Censorinus lashed out. I parried, more in annoyance than anything else since this all seemed so pointless. He went for me in earnest, so I fought back. Epimandos jumped up on the counter to avoid damage to his person; the other customers leaned in from the street,
cheering raucously. We had a short, ungainly bout of fisticuffs. I won. I threw the soldier out into the lane; he picked himself up and slunk off muttering.
Peace resumed in the caupona. Epimandos was wiping his arm with his rag. ‘What was that all about?’
‘Jove only knows!’ I flipped some coppers at him for the bill, then set off home.
As I left, Epimandos picked up the bread roll that Stringy had been licking earlier, and replaced it in the customers’ bread basket.
VI
The following morning, I started re-establishing my normal life in Rome.
I stayed in bed long enough to prove that I wasn’t a client who needed to leap out and grovel for favours at some rich patron’s house. Then I showed myself to the eager populace in the Forum, though most were looking the other way. I dodged my banker, a girl I preferred not to recognise, and several of my brothers-in-law. Then I sauntered into the men’s baths at the back of the Temple of Castor for a complete physical overhaul. After a fierce exercise and massage session with Glaucus my trainer, who was in one of his sarcastic moods, I bathed, invested in a shave and haircut, told some jokes, heard some gossip, lost a denarius in a bet about how many flea-bites were on some stranger’s leg, and generally began to feel like a civilised Roman again.
I had been away six months. Nothing had changed in politics or at the racing stables, but everything cost more than when I left. The only people who seemed to have missed me were the ones I owed money.
I borrowed a toga from Glaucus and made my way up to the Palatine for an audience with the Emperor. My report made an adequate impression on the old man, though I should have remembered to leave it until after dinner when his mood would be more generous.
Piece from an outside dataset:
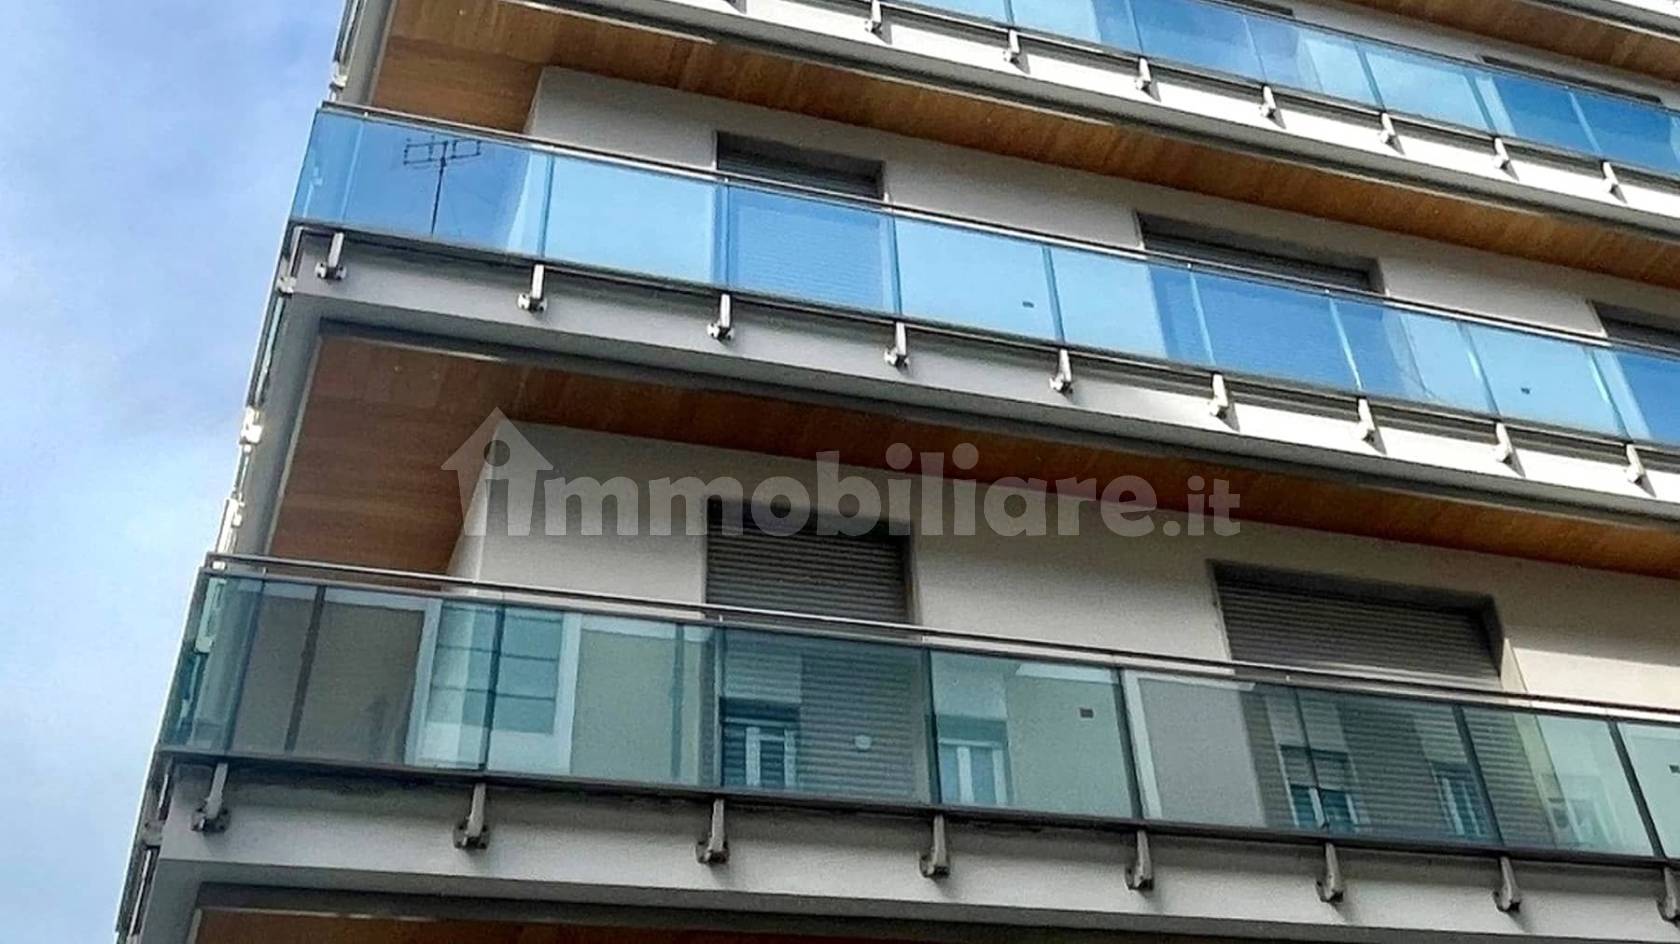 Vendita Appartamento Cuneo. Bilocale in via Michele Coppino, 4, 12100.  Nuovo, terzo piano, rif. 108664911

But my mission in Germany had gone well; Vespasian liked to quibble, yet he always acknowledged success. He was fair. He sanctioned my fee and expenses. There was, however, no attempt to offer me another job. That is the risk with freelancing: the constant threat of unemployment and bankruptcy, then just when you’ve trained yourself to enjoy lots of free time, they offer you some mission even Hercules would baulk at.